Roots of Unity

Since, by Euler's identity, $e^{j2\pi}=\cos(2\pi)+j\sin(2\pi)=1$, we can write

$$1^{k/M} = e^{j2\pi k/M}, \quad k=0,1,2,3,\dots,M-1.$$

These are the $M$th roots of unity. The special case $k=1$ is called the primitive $M$th root of unity, since integer powers of it give all of the others:

$$e^{j2\pi k/M} = \left(e^{j2\pi/M}\right)^k$$

The $M$th roots of unity are so important that they are often given a special notation in the signal processing literature:

$$W_M^k \isdef e^{j2\pi k/M}, \qquad k=0,1,2,\dots,M-1,$$

where $W_M$ denotes the primitive $M$th root of unity.^3.5 We may also call $W_M$ the generator of the mathematical group consisting of the $M$th roots of unity and their products.

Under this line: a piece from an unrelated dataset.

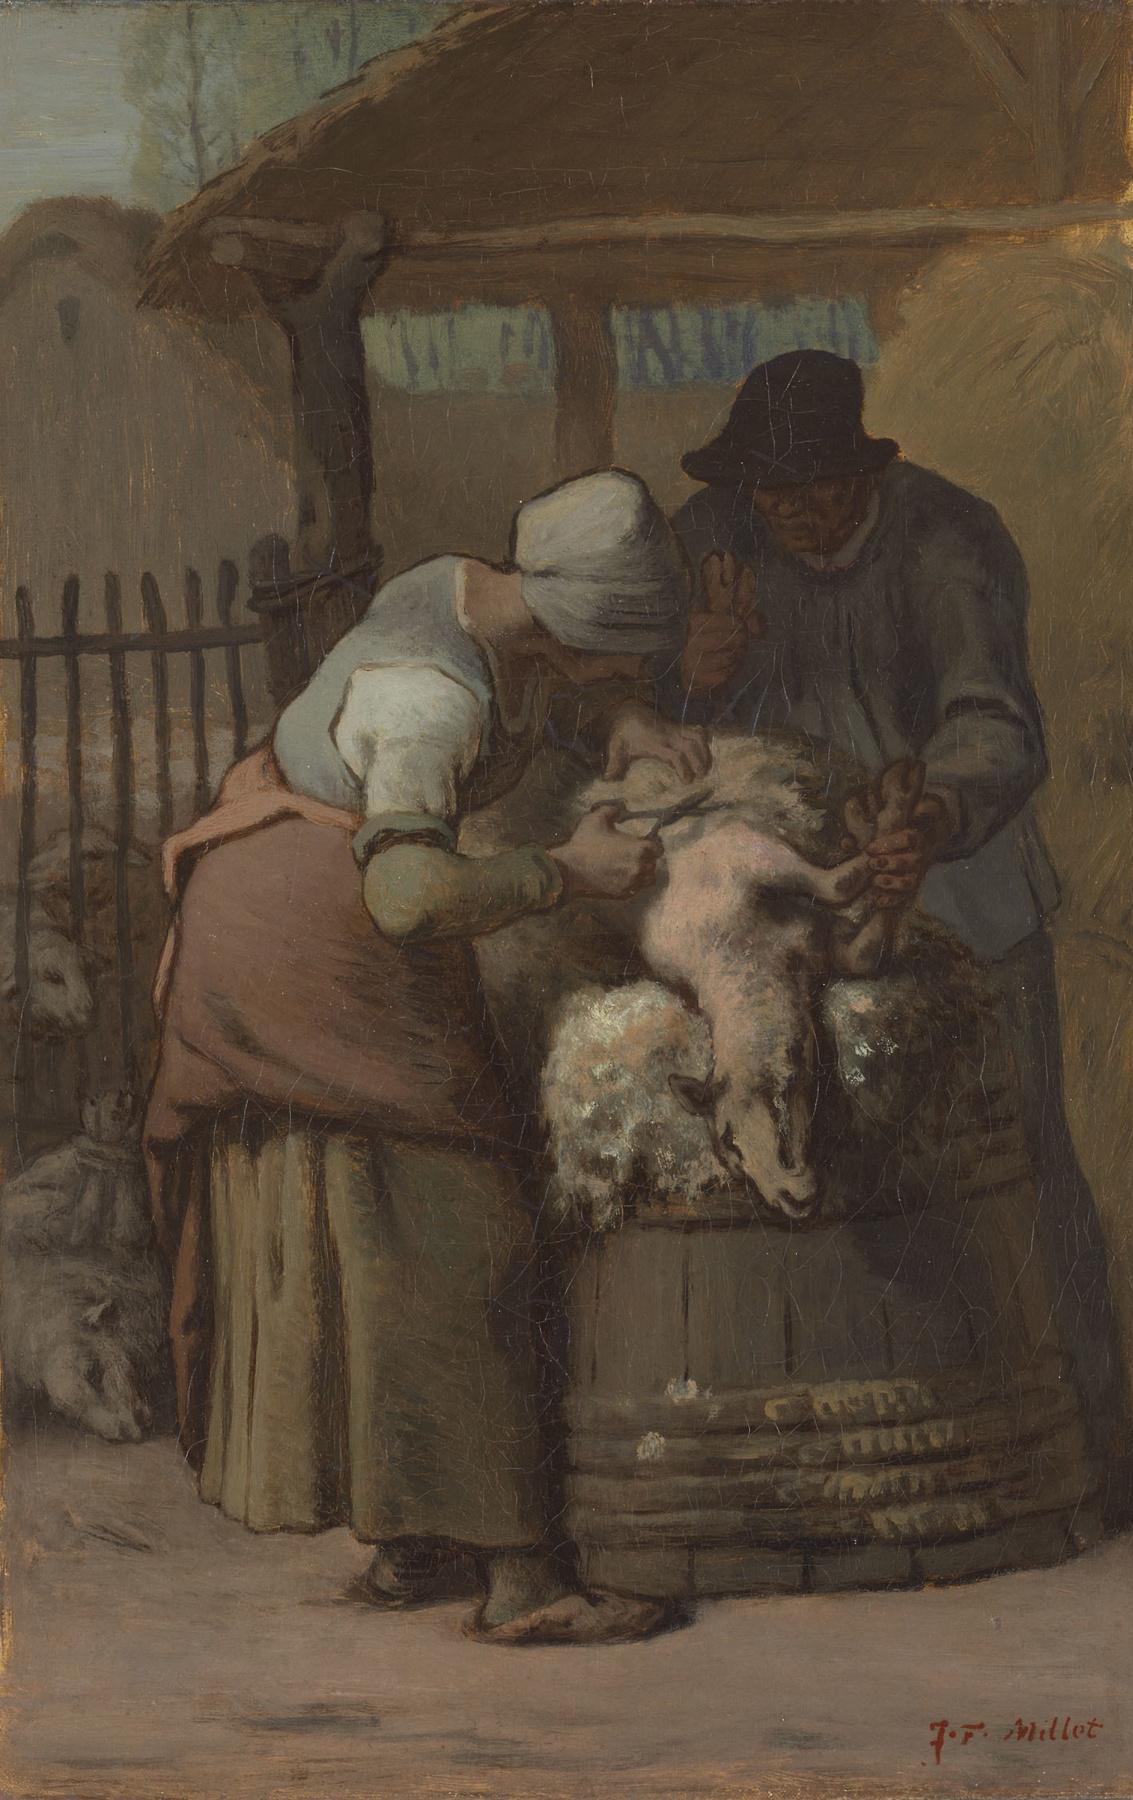 Jean-François Millet. The Sheepshearers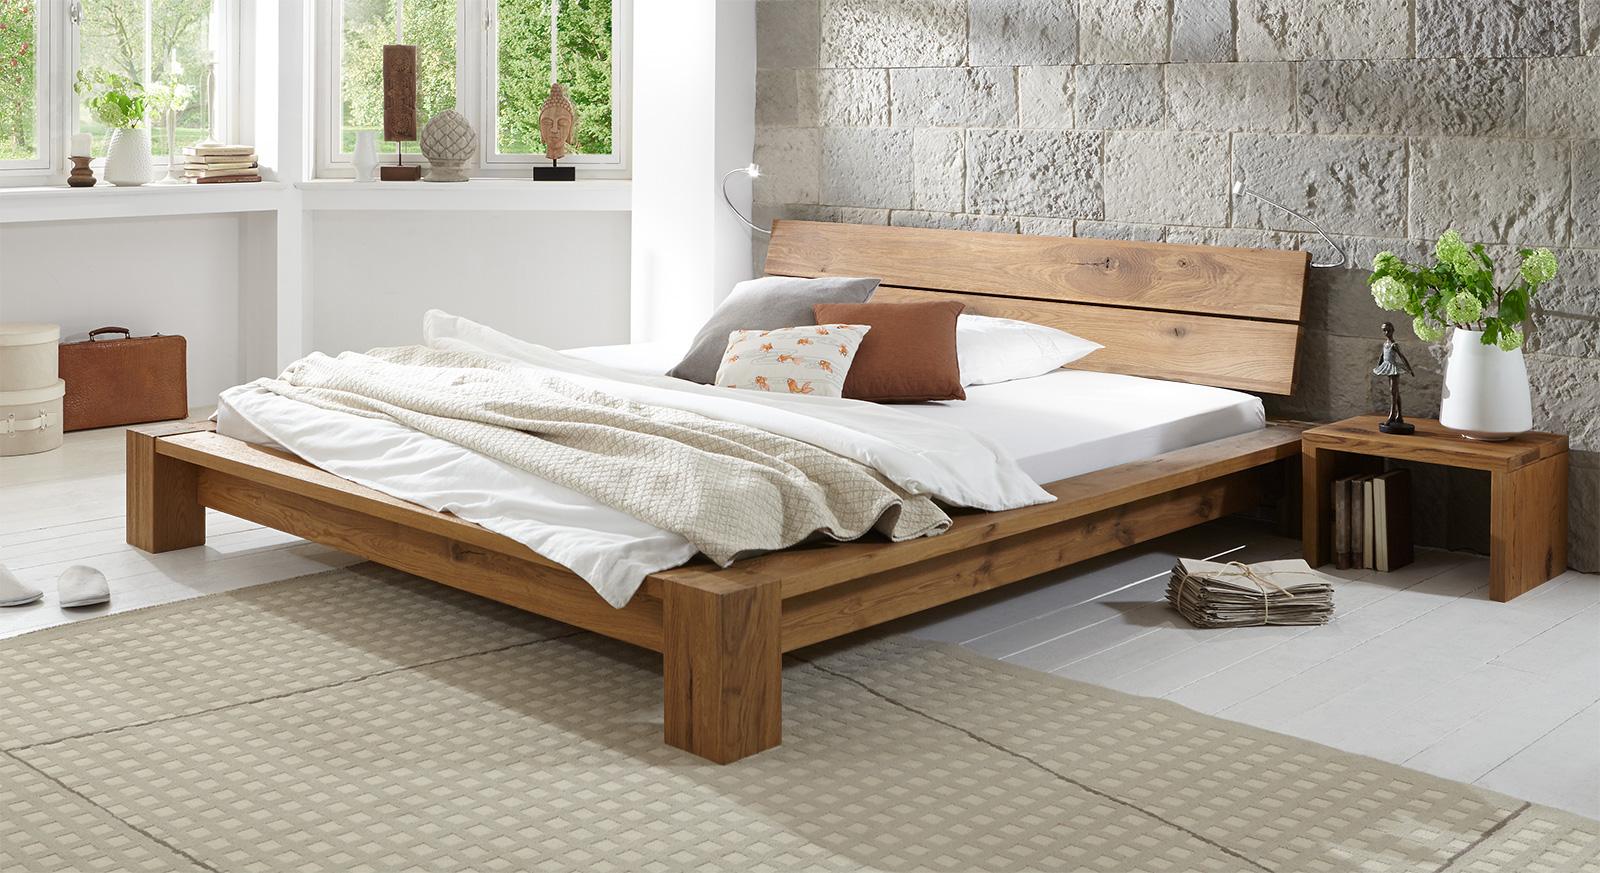 massivholzbett in komforth he aus ge lter wildeiche navia. Black Bedroom Furniture Sets. Home Design Ideas

We will learn later that the $N$th roots of unity are used to generate all the sinusoids used by the DFT and its inverse. The $k$th sinusoid is given by

$$W_N^{kn} = e^{j2\pi k n/N} \isdef e^{j\omega_k t_n} = \cos(\omega_k t_n) + j \sin(\omega_k t_n), \quad n=0,1,2,\dots,N-1$$

where $\omega_k \isdef 2\pi k/NT$, $t_n \isdef nT$, and $T$ is the sampling interval in seconds.